Mehr als eine Suchmaschine
Die thematische Vielfalt der Fraunhofer-Gesellschaft erschließt sich aus der Vielfalt von über hundert einzelnen Webauftritten, die von Instituten, Verbünden, Allianzen und Projektteams gepflegt werden. Aus diesen Inhalten die richtigen Facetten auszusuchen, redaktionell auf der Corporate Homepage abzubilden und damit ein zusammenhängendes, stets aktuelles Bild der Fraunhofer-Gesellschaft darzustellen ist eine große Herausforderung und redaktionell kaum effizient realisierbar. Hier kommen die Dokumenten- und Textanalyseverfahren des Fraunhofer IAIS zum Einsatz, die das Erfassen und Auswerten übernehmen, Suchergebnisse nach automatisch erkannten Kategorien sortieren und dadurch die redaktionelle Arbeit unterstützten.

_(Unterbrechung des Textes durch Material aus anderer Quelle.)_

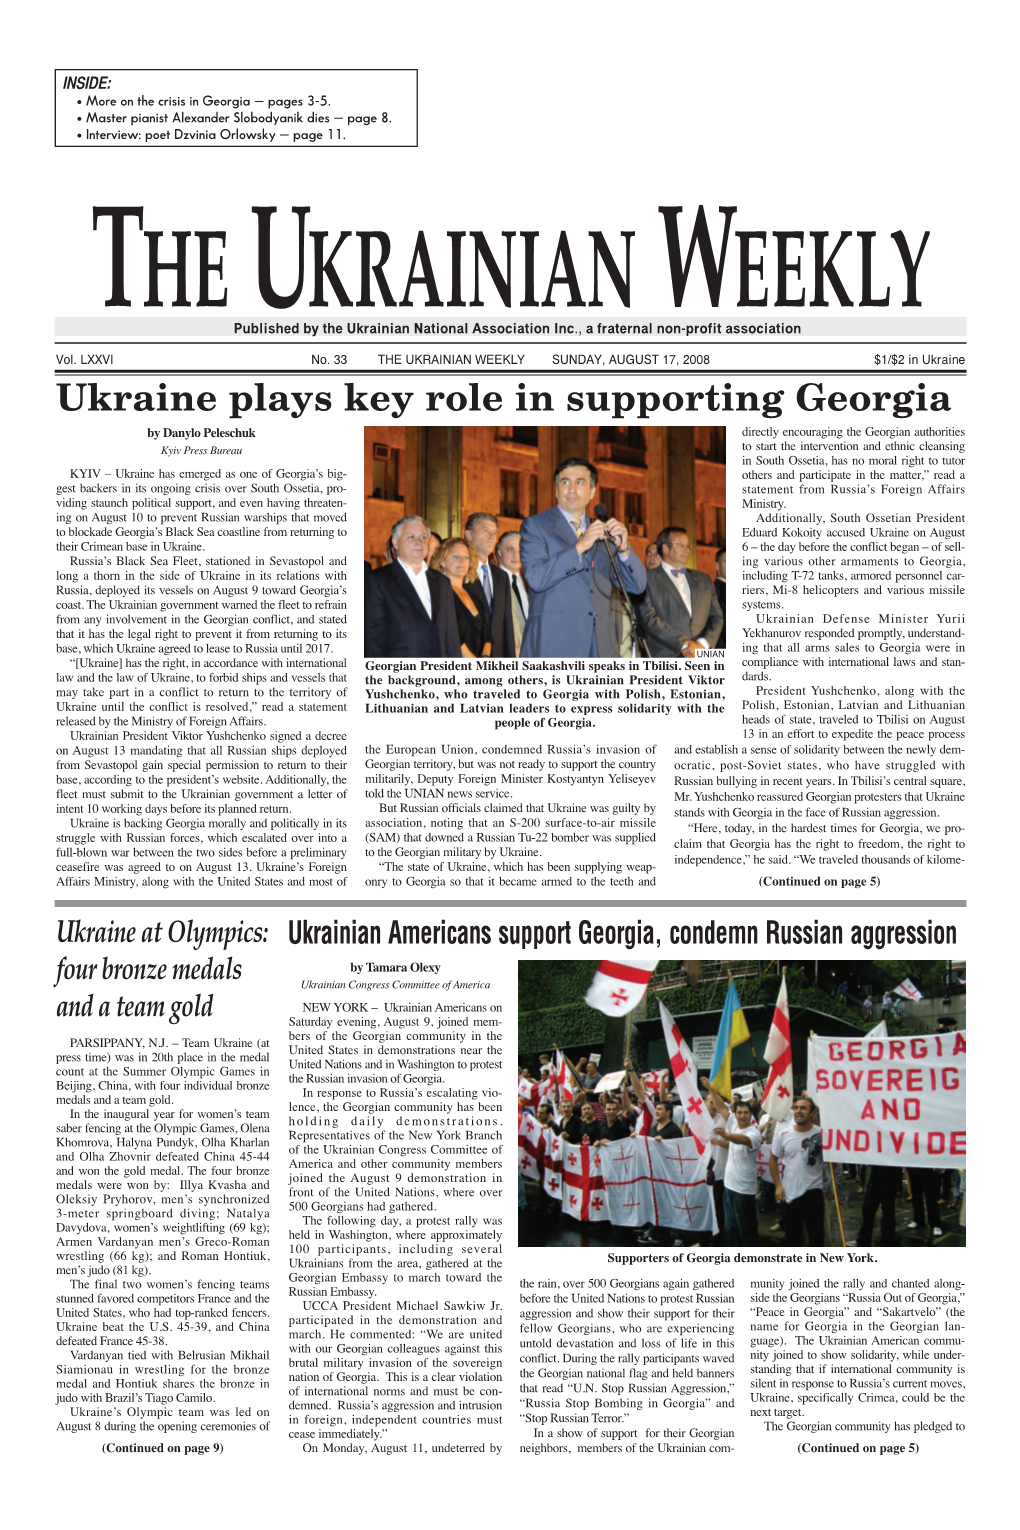 The Ukrainian Weekly 2008, No.33

Beim Durchsuchen der verschiedenen Websites erfasst das System neben den eigentlichen Webseiten auch andere Inhalte wie Veröffentlichungen oder Office-Dokumente. Alle gefundenen Inhalte werden nach Schlüsselinformationen durchsucht und diese anhand eines Wissensmodells miteinander verknüpft. So kann der neue Fraunhofer-Webauftritt beispielsweise Auskunft darüber geben, welche Projekte bisher von Fraunhofer-Einrichtungen in Hessen zum Thema Energie durchgeführt wurden. Zu nahezu jeder Seite kann das System auch den richtigen Ansprechpartner nennen, ohne dass hierzu redaktionelle Arbeiten notwendig sind.

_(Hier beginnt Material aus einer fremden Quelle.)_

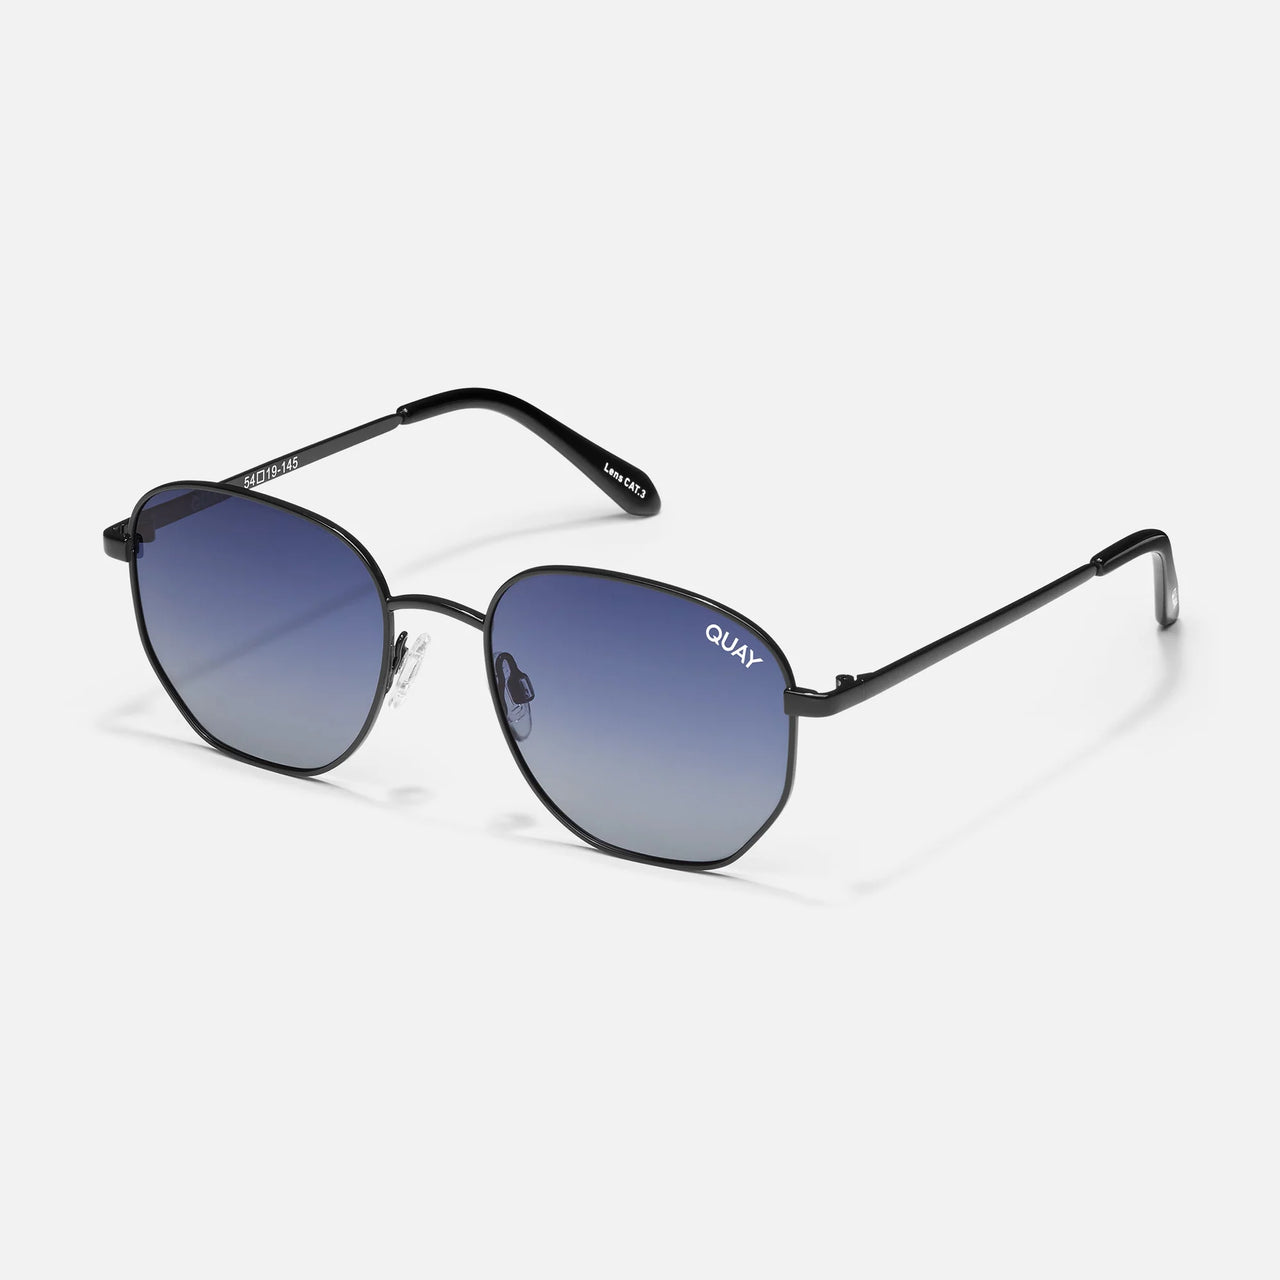 Big Time Black/Navy Polarized Sunglasses, Sunglasses by Quay | LIT Boutique

Basis für ein Web des Wissens
Die Technik kann aber noch mehr. Durch die Kombination von stark strukturiertem Wissen und schwach strukturierten Suchergebnissen lassen sich auch komplexe Anfragen realisieren, die statt einer Flut von Dokumenten sehr spezifische Ergebnisse und qualifizierte Fakten liefern. Dazu lassen sich neben Webauftritten auch weitere Datenquellen einbinden und mit dem bestehenden Wissensmodell verknüpfen.

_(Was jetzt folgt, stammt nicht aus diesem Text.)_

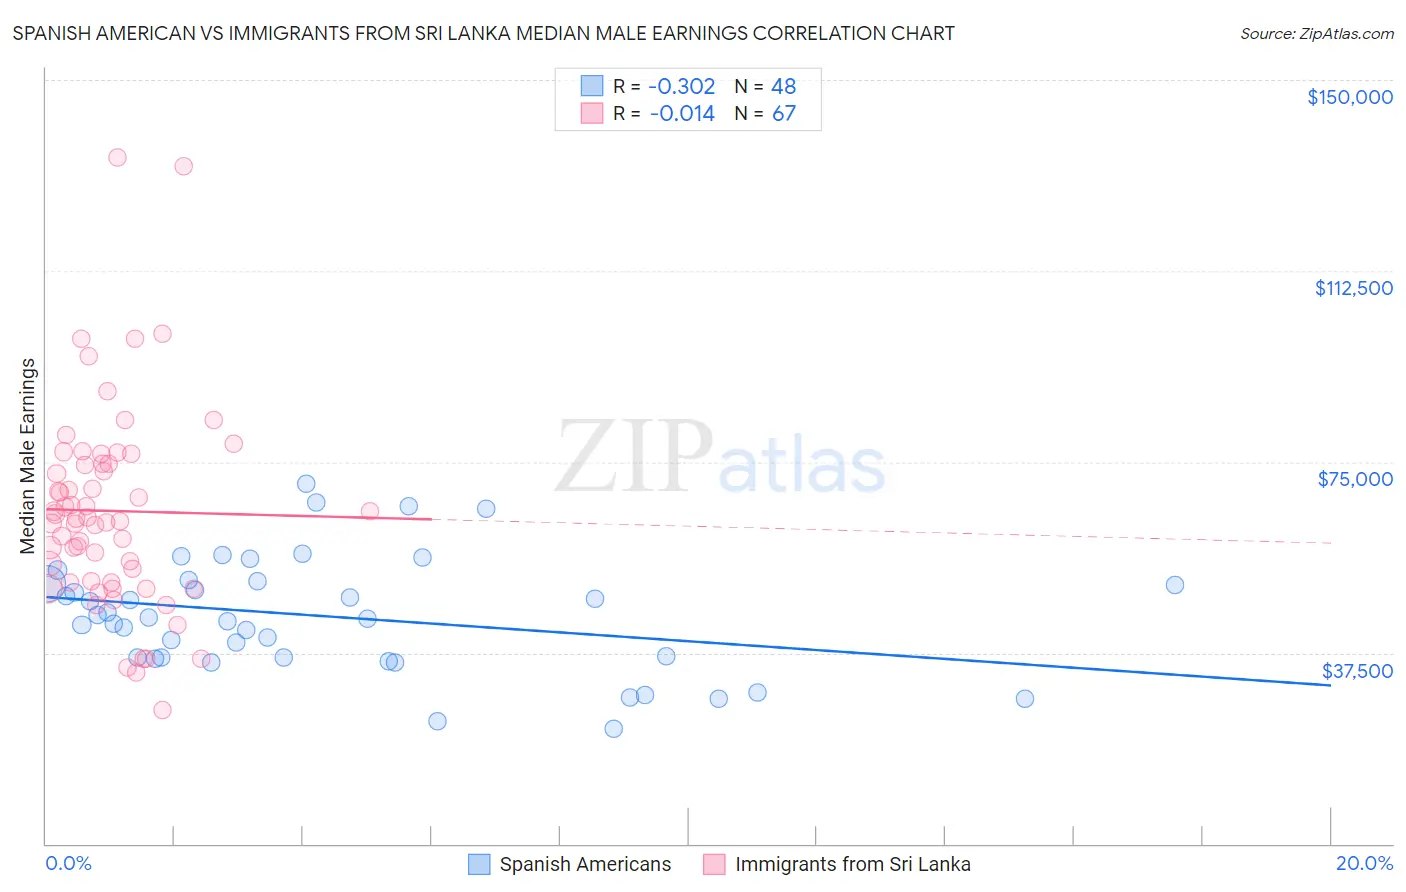 Spanish American vs Immigrants from Sri Lanka Median Male Earnings

Die entstehenden Dienste können einerseits genutzt werden, um den Webauftritt noch attraktiver zu gestalten, andererseits dienen sie auch innerhalb des Unternehmens als interne Informationsquelle. Weil der Ansatz sich nach den technischen Standards des W3C richtet, können auch externe Informationen, etwa aus dem der Linked Open Data Community, genutzt werden.
Das Projekt
Einen einheitlichen, zeitgemäß-ansprechenden und technisch soliden Webauftritt für eine heterogen strukturierte Organisation wie die Fraunhofer-Gesellschaft zu entwickeln, erforderte viel Vorarbeit und sorgfältige Planung. An der Entwicklung waren mehrere Institute beteiligt. Die Federführung übernahm das Fraunhofer-Institut für Intelligente Analyse- und Informationssysteme IAIS, welches die Projektplanung und -durchführung sowie die Einführung der neuen Volltextsuche auf Basis von Marktstandards und deren Optimierung durch automatische Analyseverfahren verantwortete. Das Fraunhofer-Institut für Sichere Informationstechnologie SIT kümmerte sich um die IT-Sicherheit, das Fraunhofer-Institut für Angewandte Informationstechnik FIT um Usability und Barrierefreiheit und das Fraunhofer-Institut für Experimentelles Software Engineering IESE um die Anforderungsanalyse sowie die Evaluierung der verschiedenen Entwicklungsstadien. Informationsarchitektur und Webdesign wurden in Zusammenarbeit mit der namics Deutschland GmbH entwickelt.
Im Juni 2009 wurden die neue Website der Fraunhofer-Gesellschaft und die Websites einiger Institute sowie die neu entwickelte Suche online gestellt. Die Webserver der übrigen Institute und Einrichtungen und weitere Ausbaustufen der Suche auf der Basis semantischer Technologien werden im Lauf der nächsten Monate folgen.